The Kadima MK added that the government “misled” the public regarding the increased manpower slots during the next two years, as not only doctors had to be funded but also nurses and other hospital employees. The government did not cover the cost of additional MRIs, she said, but only granted the hospitals approval to buy them; they will have to raise funds to purchase the scanners.
No government approval was needed to approve the opening of an IVF unit in Nahariya’s hospital, as there should be one per 300,000 residents, and “according to Israel’s population, there may be 24 units; at present, there are only 23,” Adatto said.
“In fact, the Health Ministry delayed approval for the Nahariya unit for 18 months even though the whole Western Galilee – with its 650,000 residents – doesn’t have even one.”
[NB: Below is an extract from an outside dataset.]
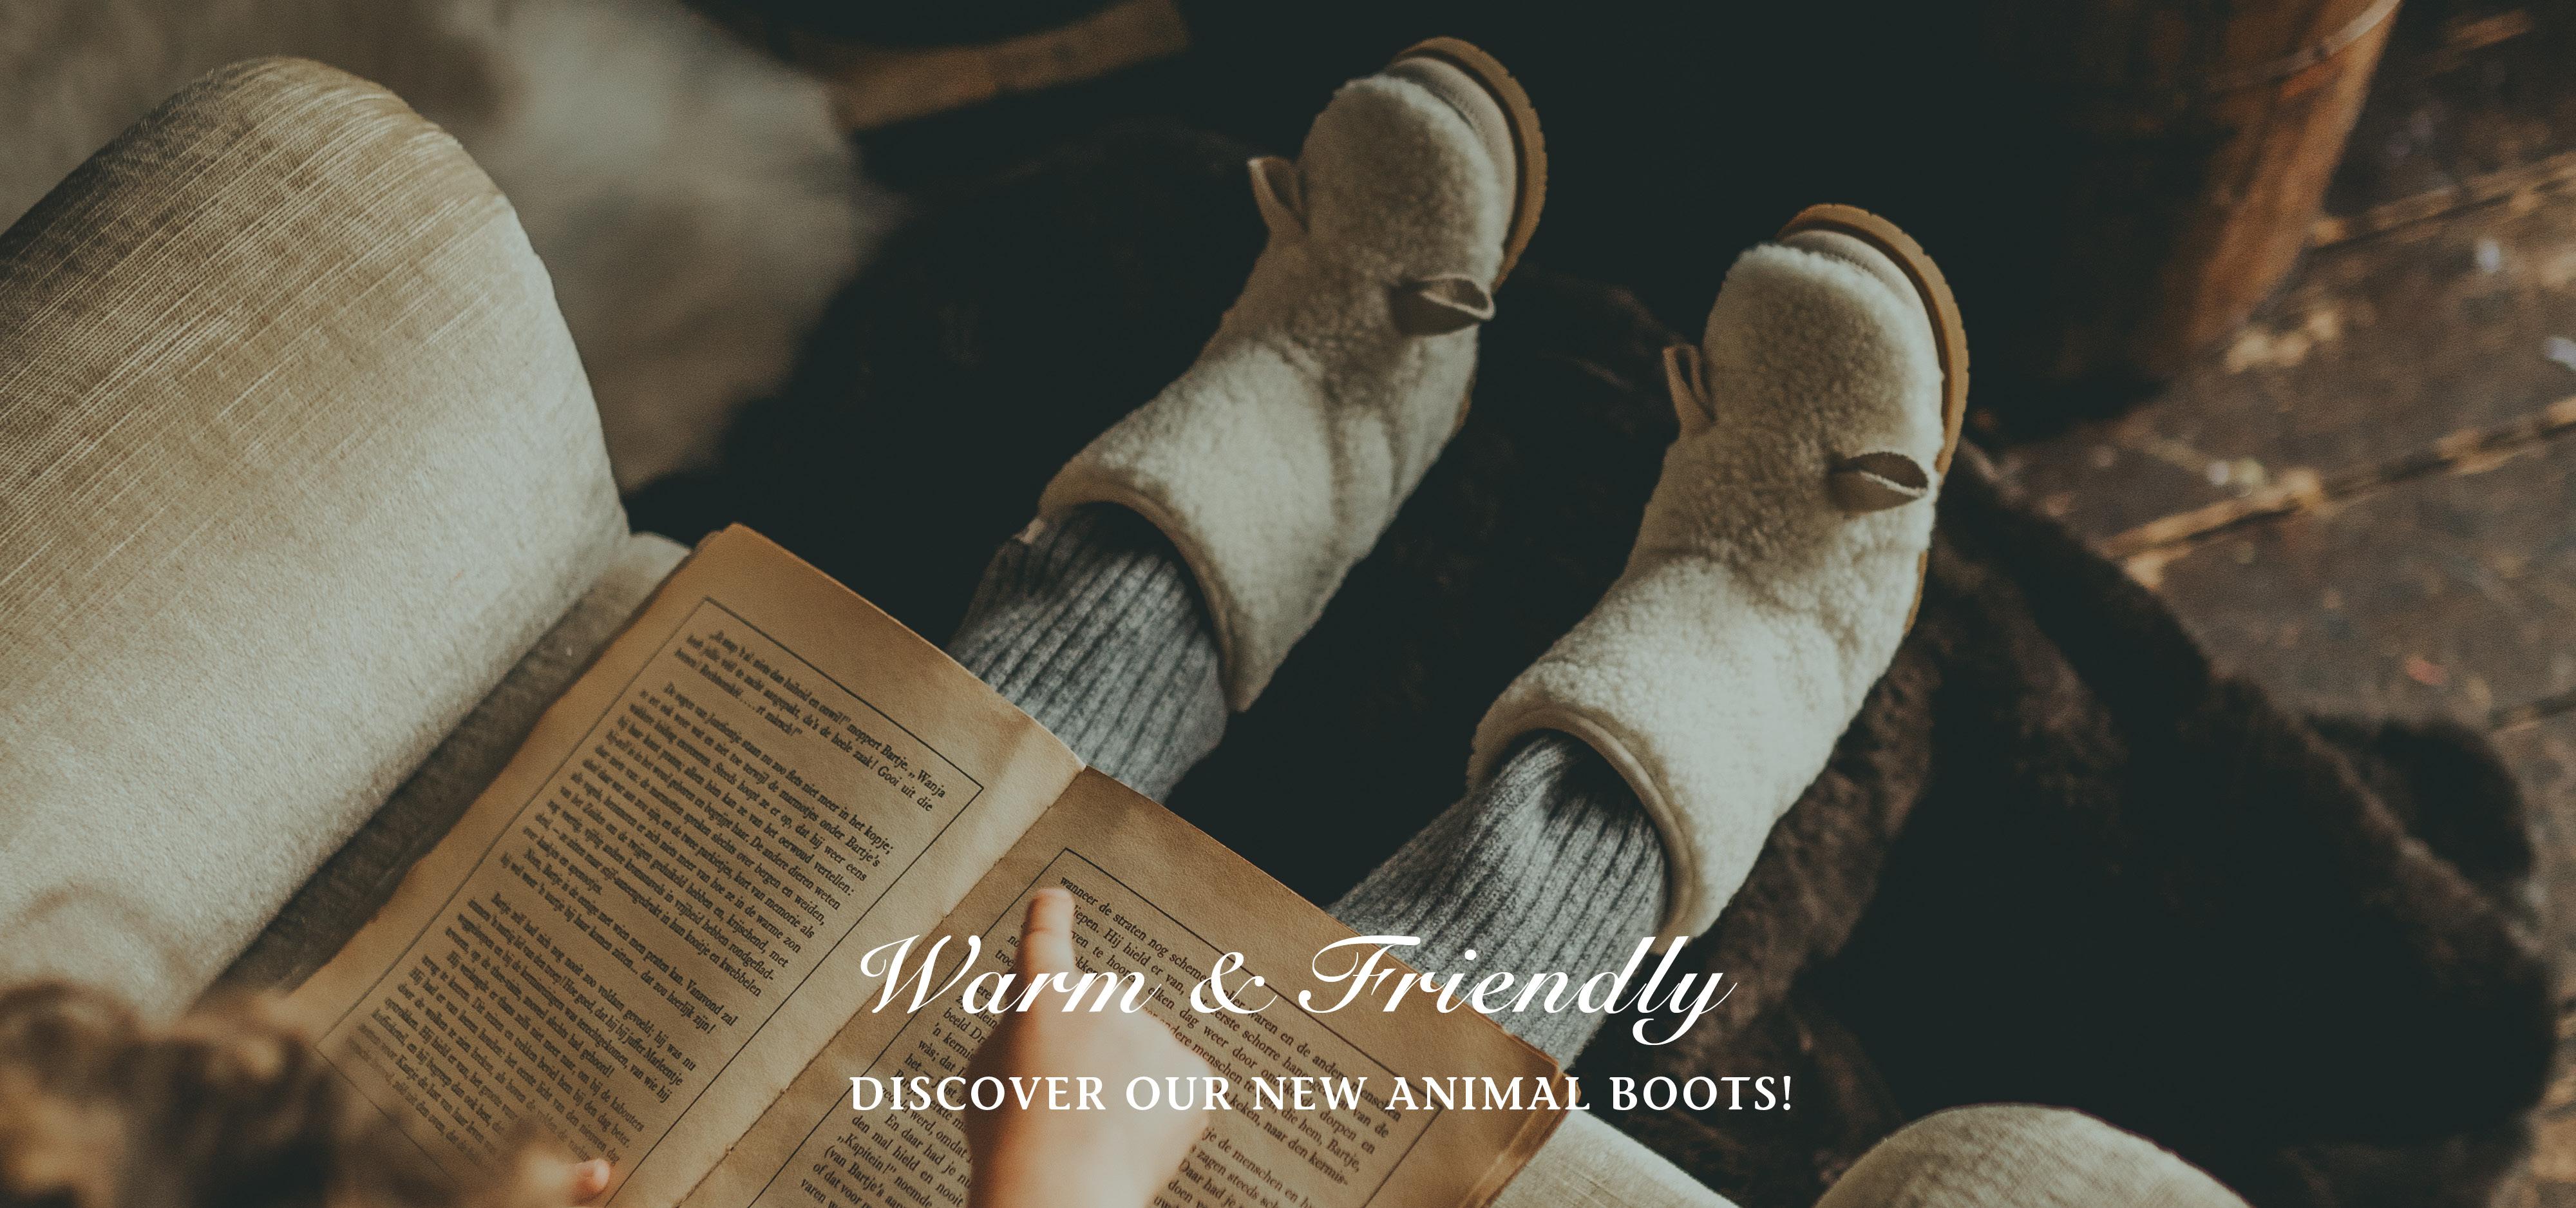 New Animal Boots
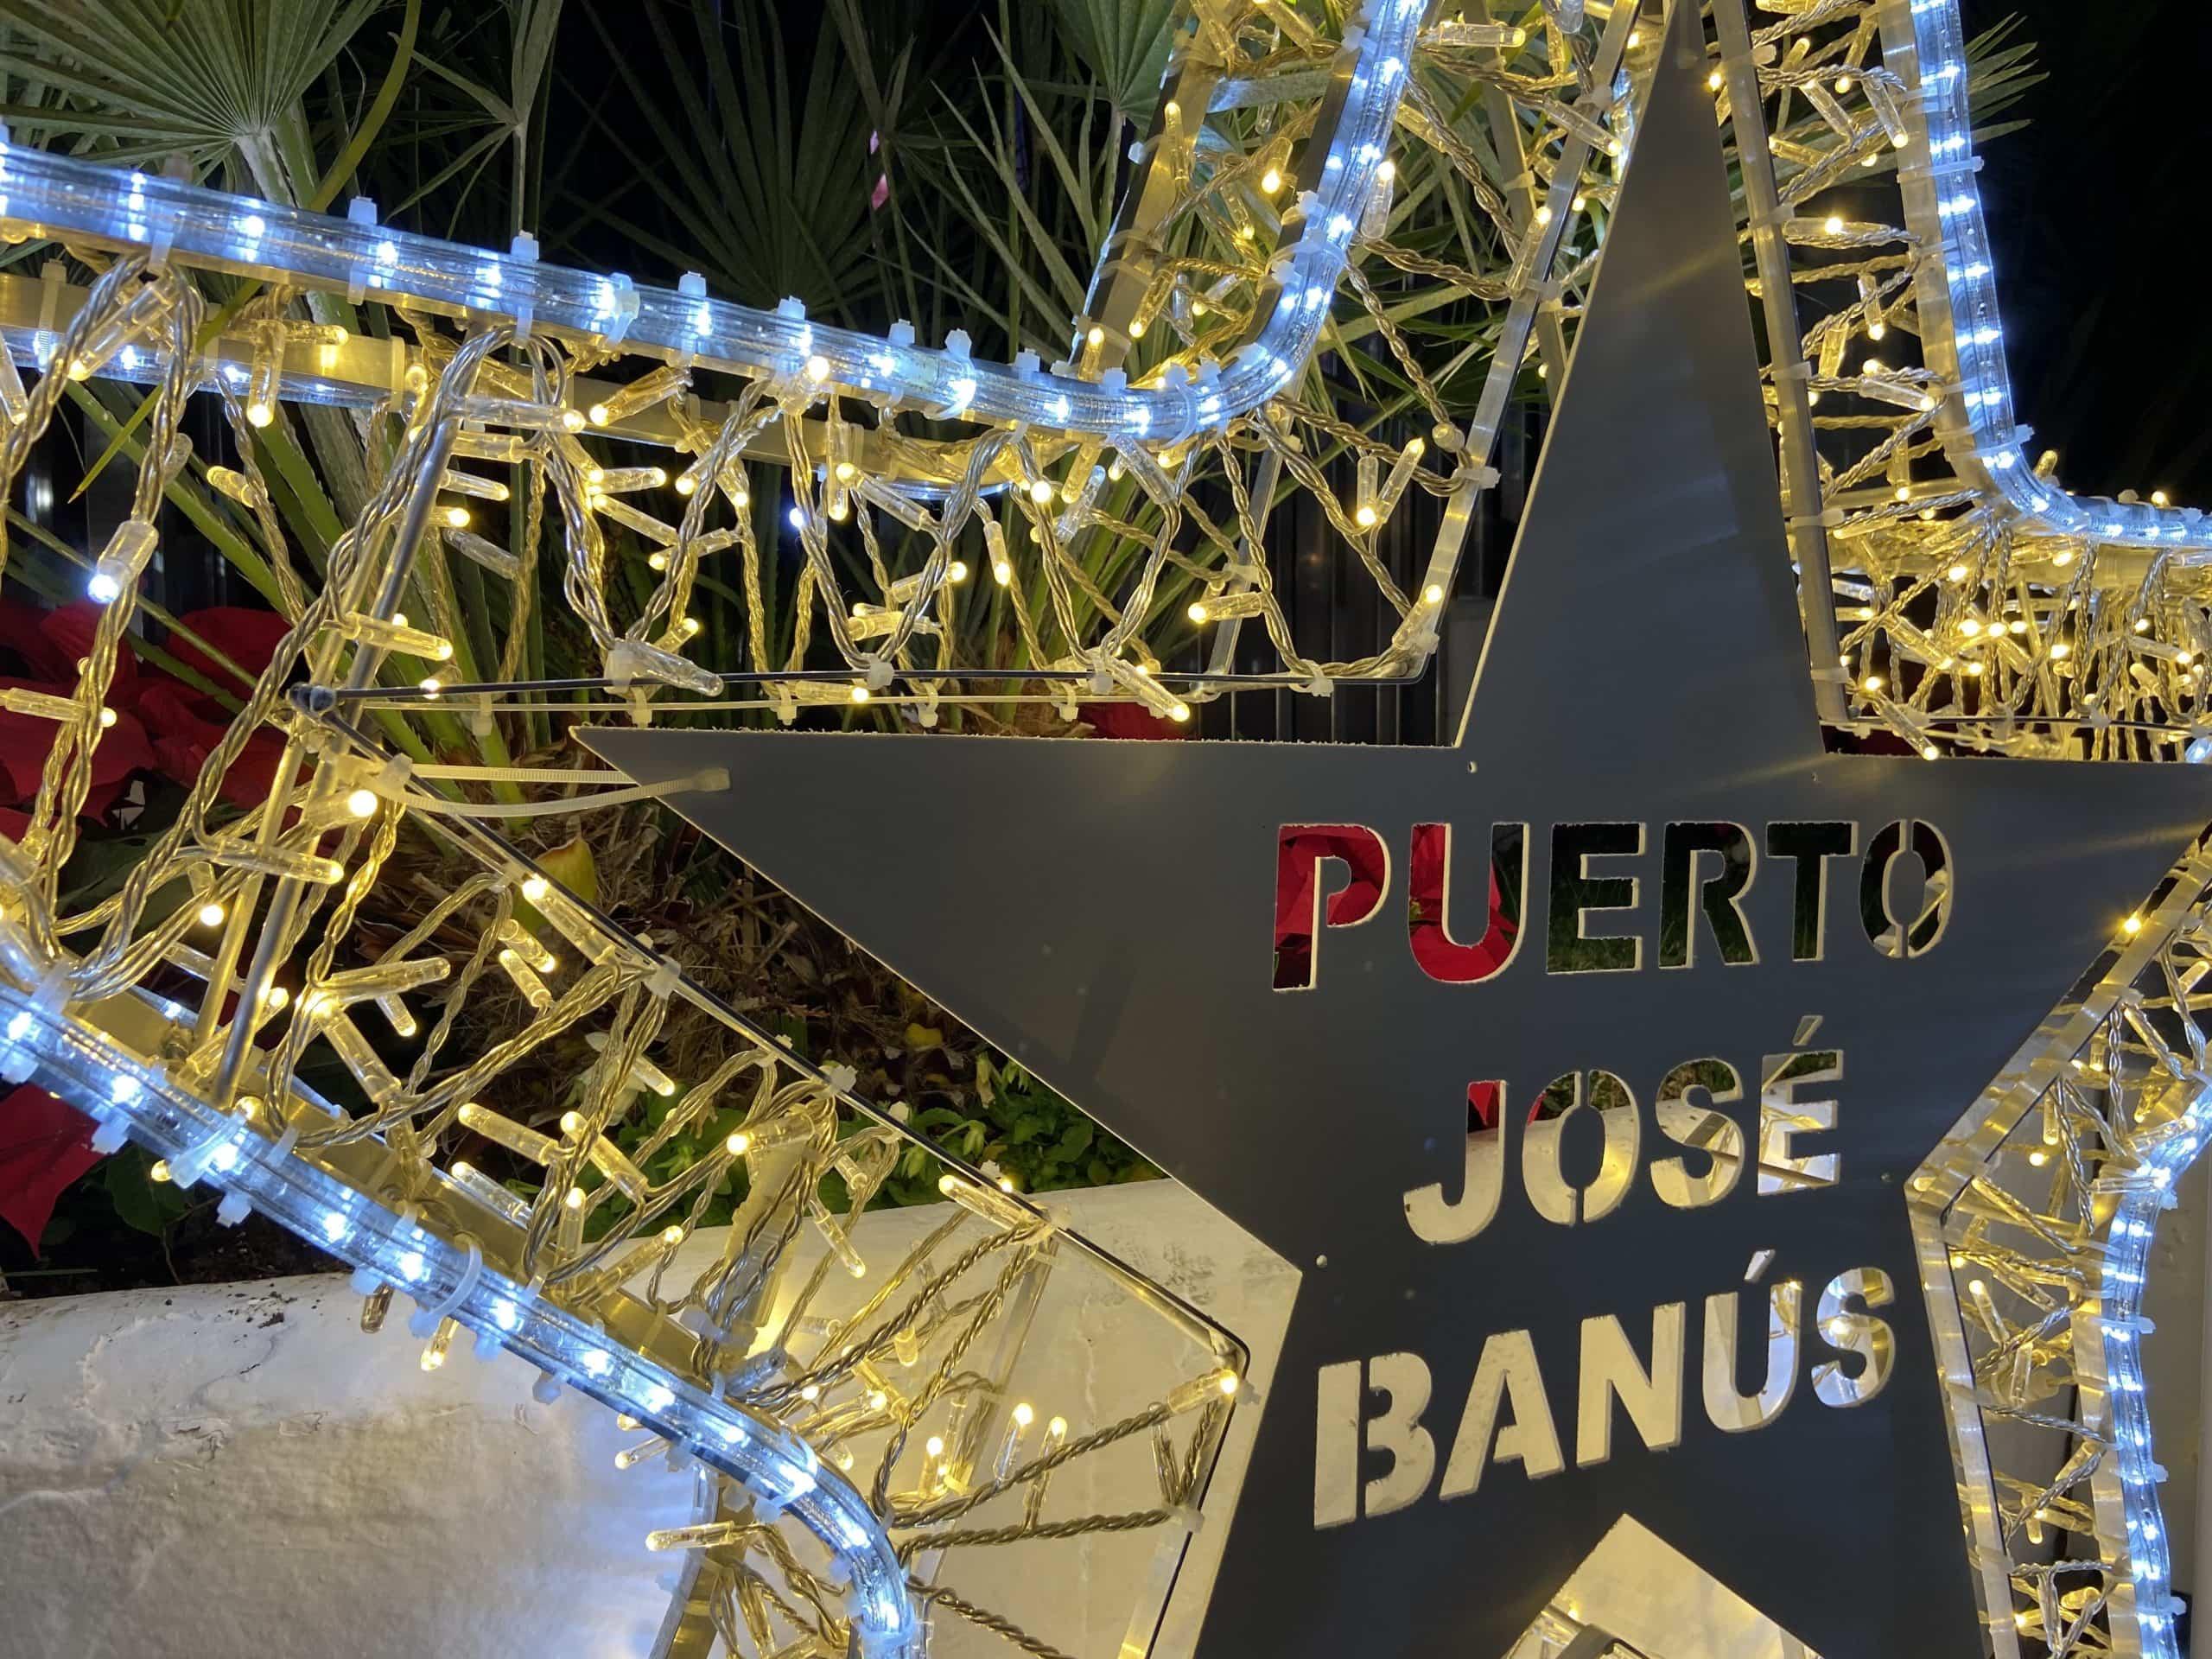 Puerto Jose Banus, Marbella

The Israel Medical Association commented on the vote that it “welcomed the prime minister’s and health minister’s statement on the importance of the society’s ability to treat its patients,” but declared that the approved plan “failed to bring an new and significant” boost to the public health system.
“These are the same decisions that were presented in the past,” said chairman Dr. Leonid Eidelman, and that the 960 additional beds over five years were a “tiny increase in comparison to real needs.”
Meanwhile, Deputy Prime Minister Silvan Shalom, who is in charge of developing the Galilee and Negev, declared after the vote that the shortage of surgical theaters and the number of hospital beds and of intensive care units was “catastrophic.”
He complained that the plan does not discuss the allocation of new beds and how many would be in the periphery; he therefore abstained in the vote, even though the Health Ministry press release stated that the vote on the program was “unanimous.”
Shalom said that the failure to set down which hospitals would get more beds would “lead to power struggles and demand from hospitals in the center of the country for more beds,” said Shalom, adding that the cabinet vote was “in the right direction... but doesn’t give the proper response to needs.”